**WHAT THE TASK REQUIRES:** Starting with the line below that holds "An 18 karat" and stopping after the line that holds "Black Cherry Scented", transcribe the lines exactly, leaving out all pictures.

**STORED DATA:**
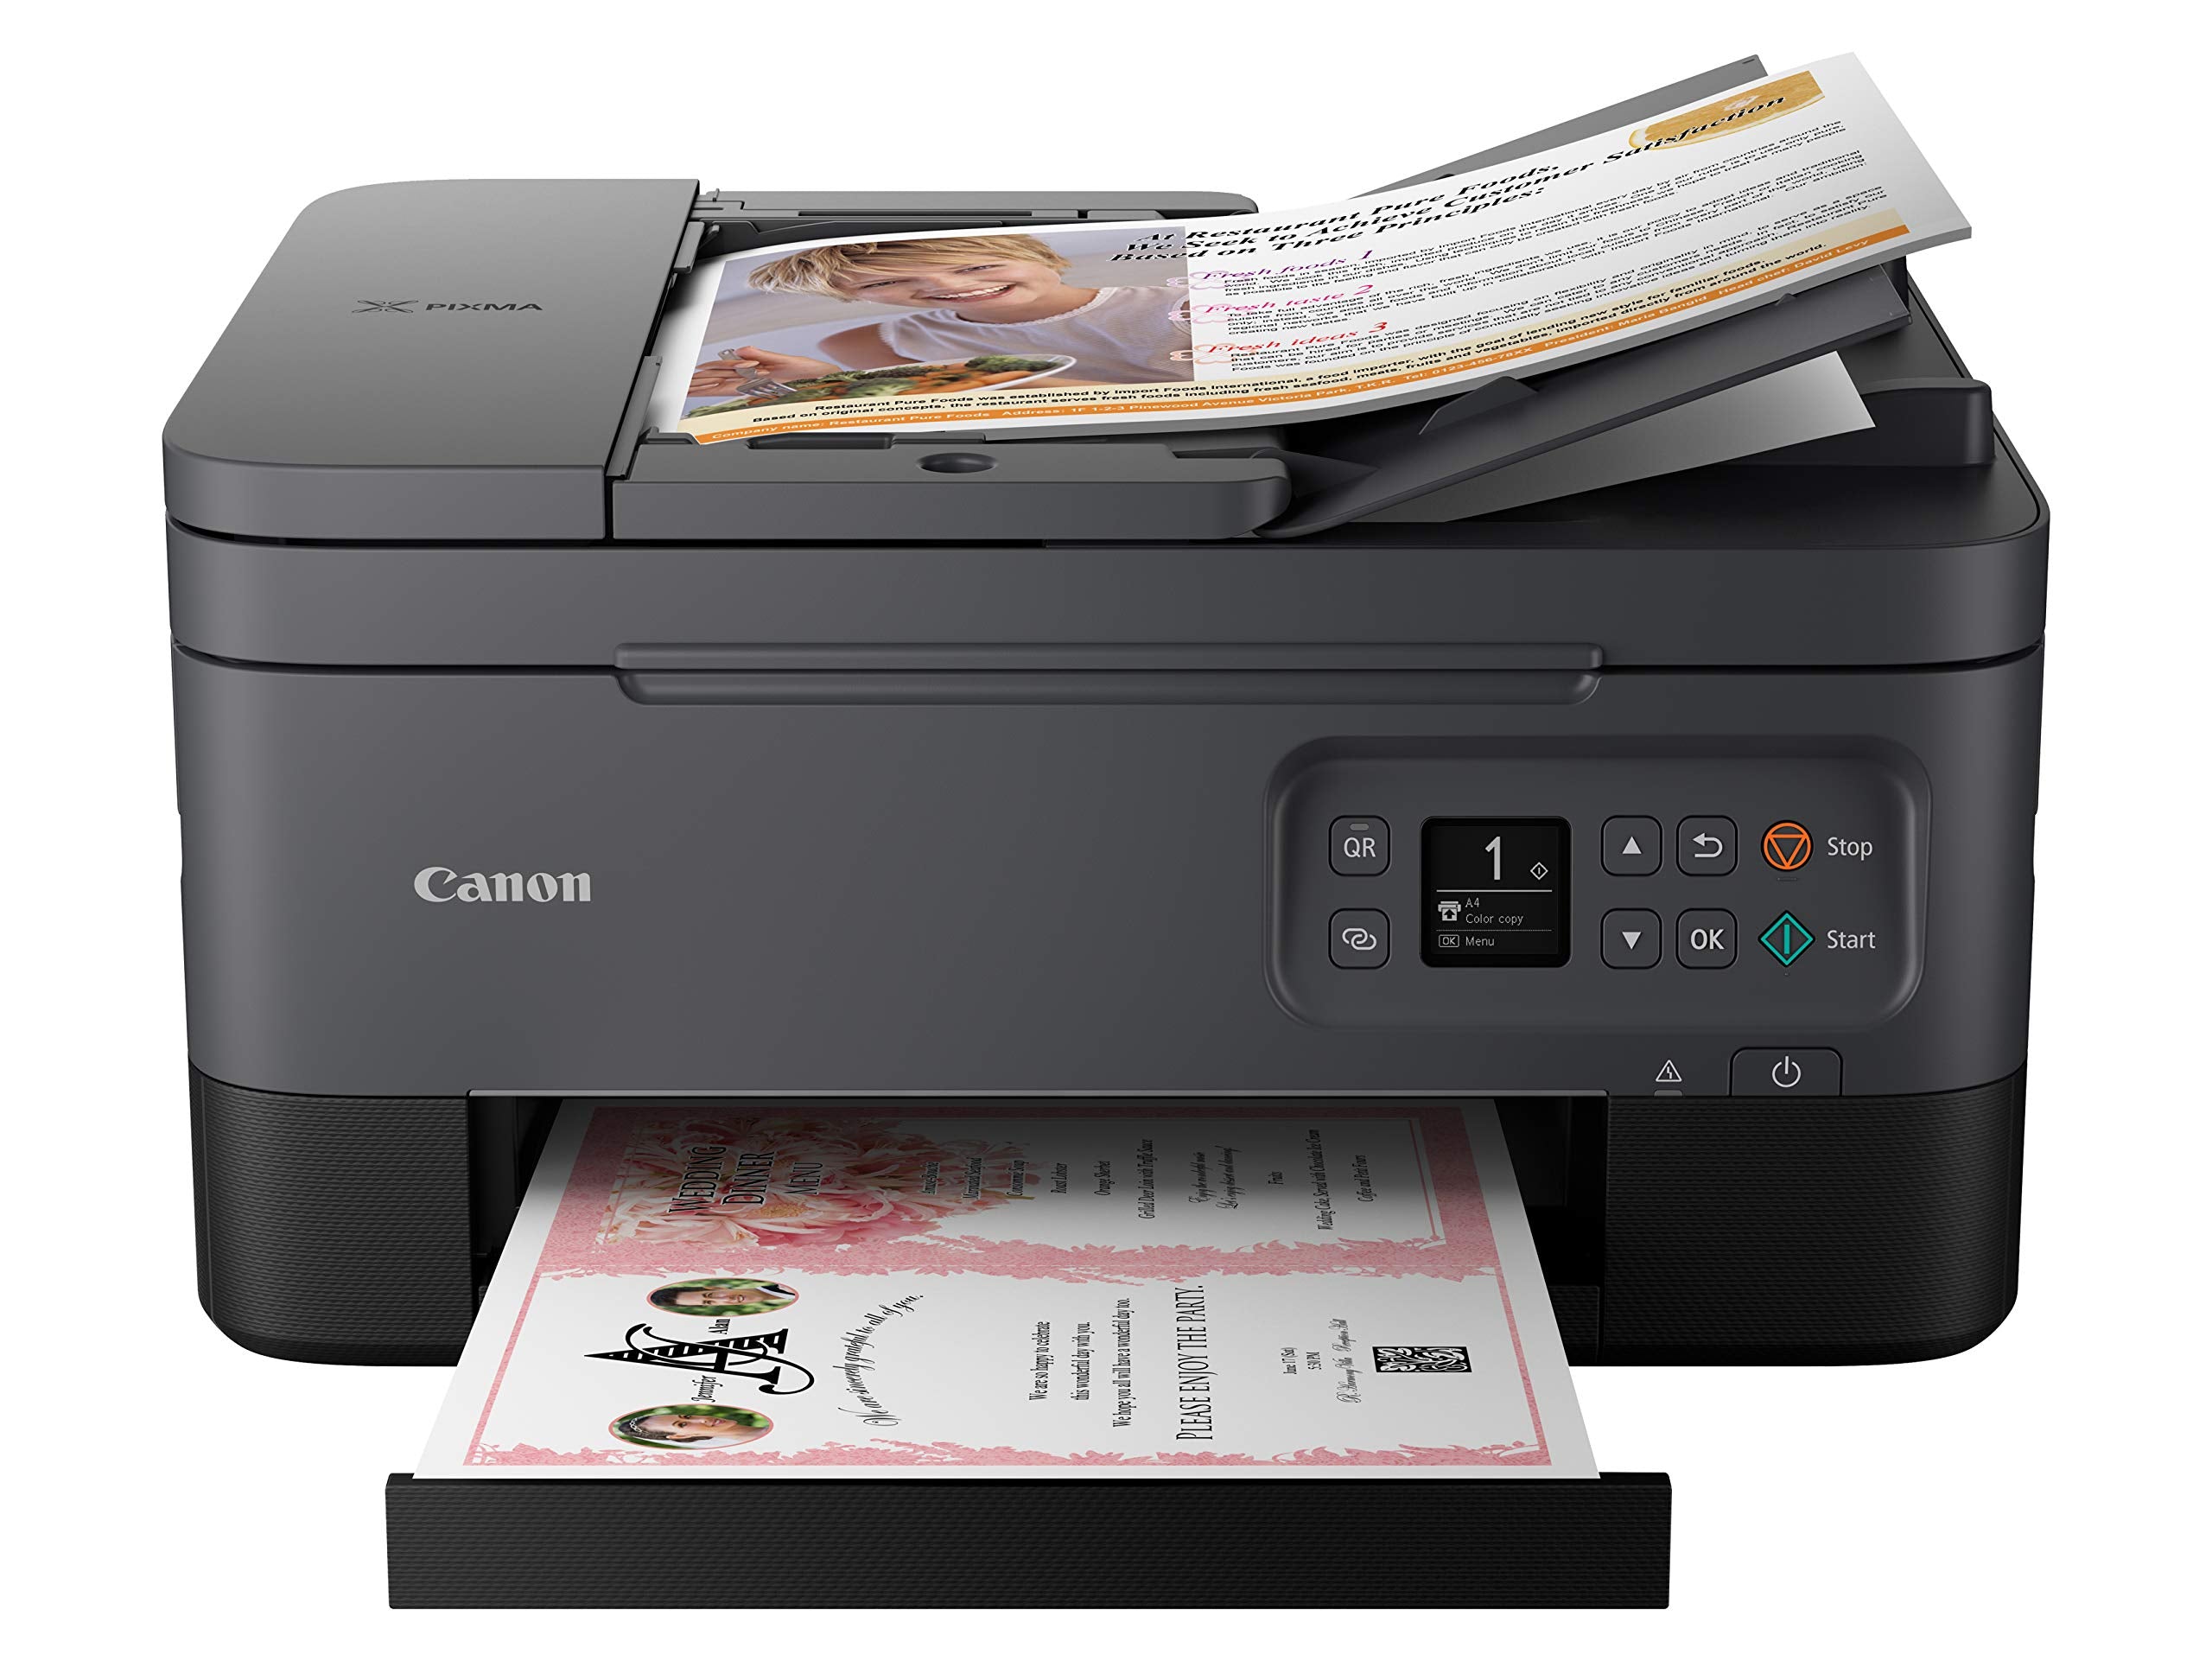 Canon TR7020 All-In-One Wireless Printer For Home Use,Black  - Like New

---

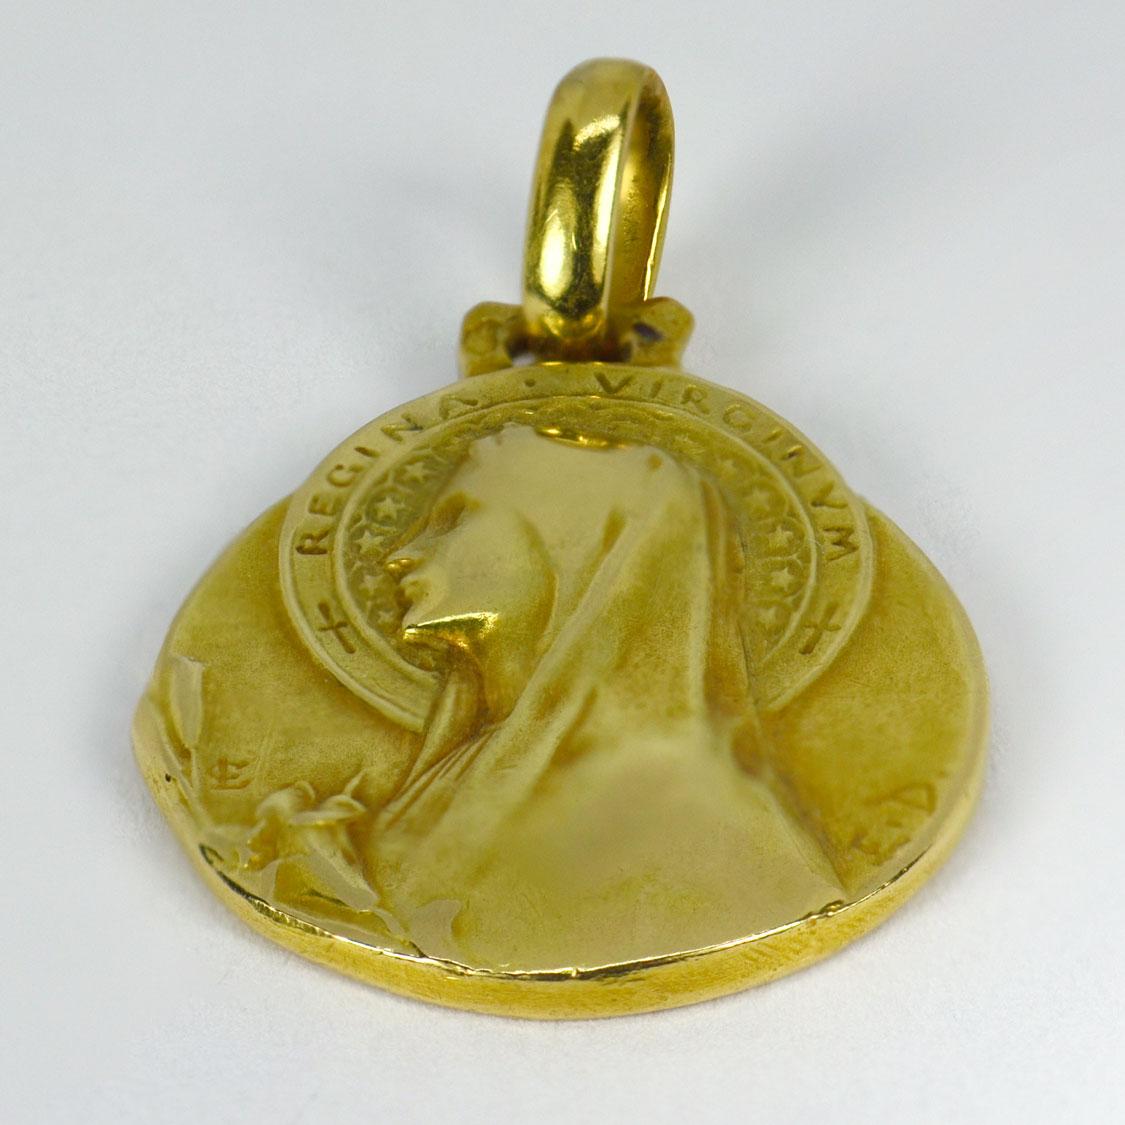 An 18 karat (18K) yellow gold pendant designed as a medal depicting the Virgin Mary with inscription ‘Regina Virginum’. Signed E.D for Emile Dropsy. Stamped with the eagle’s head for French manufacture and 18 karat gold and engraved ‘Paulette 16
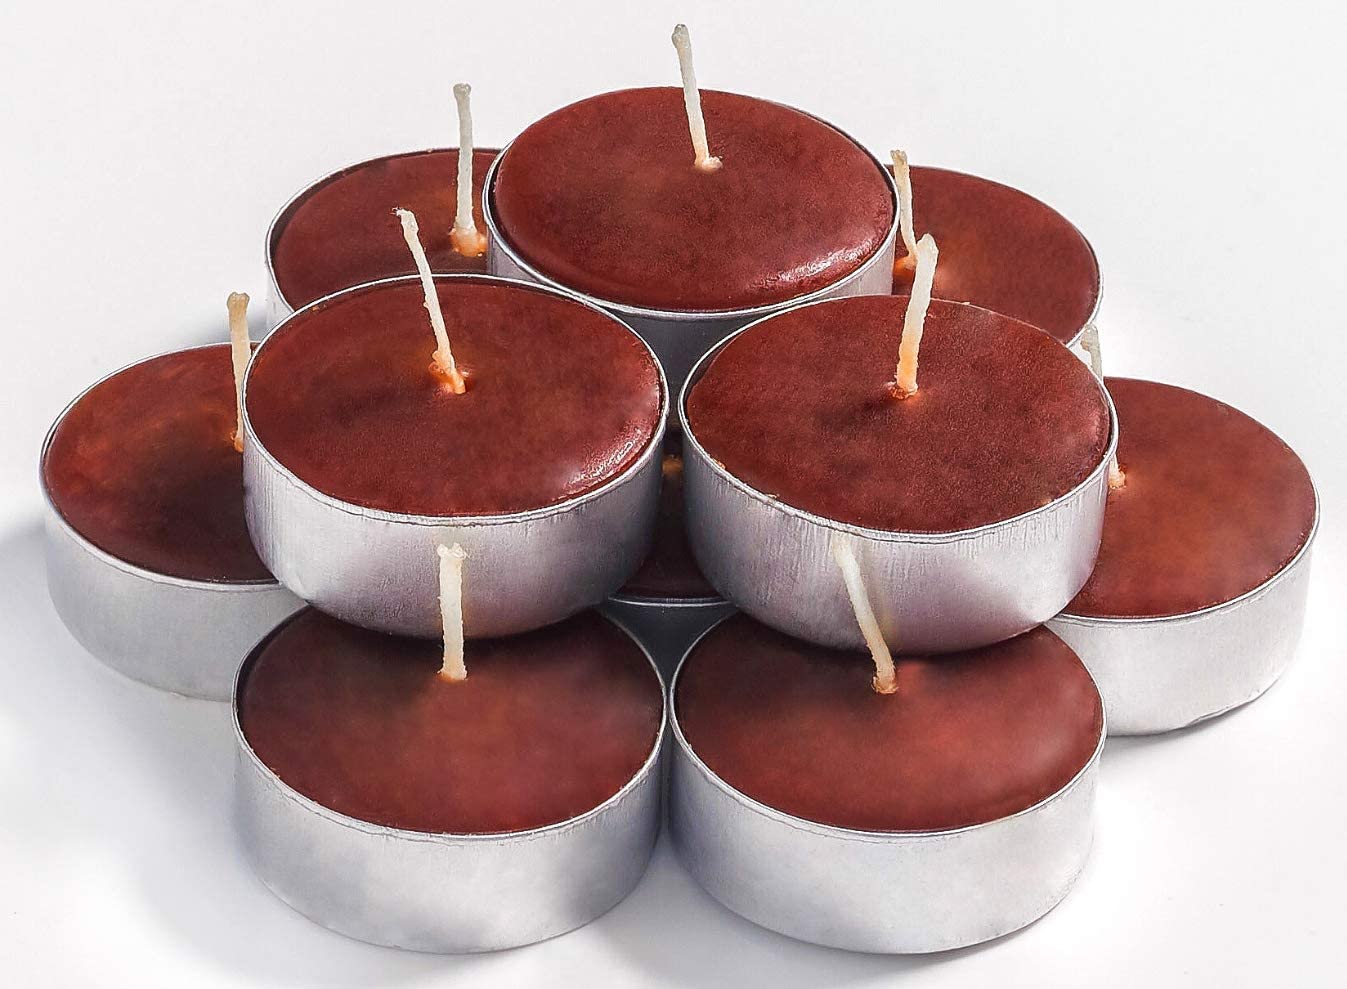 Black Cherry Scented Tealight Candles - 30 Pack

**YOUR RESPONSE:**
 An 18 karat (18K) yellow gold pendant designed as a medal depicting the Virgin Mary with inscription ‘Regina Virginum’. Signed E.D for Emile Dropsy. Stamped with the eagle’s head for French manufacture and 18 karat gold and engraved ‘Paulette 16
 Black Cherry Scented Tealight Candles - 30 Pack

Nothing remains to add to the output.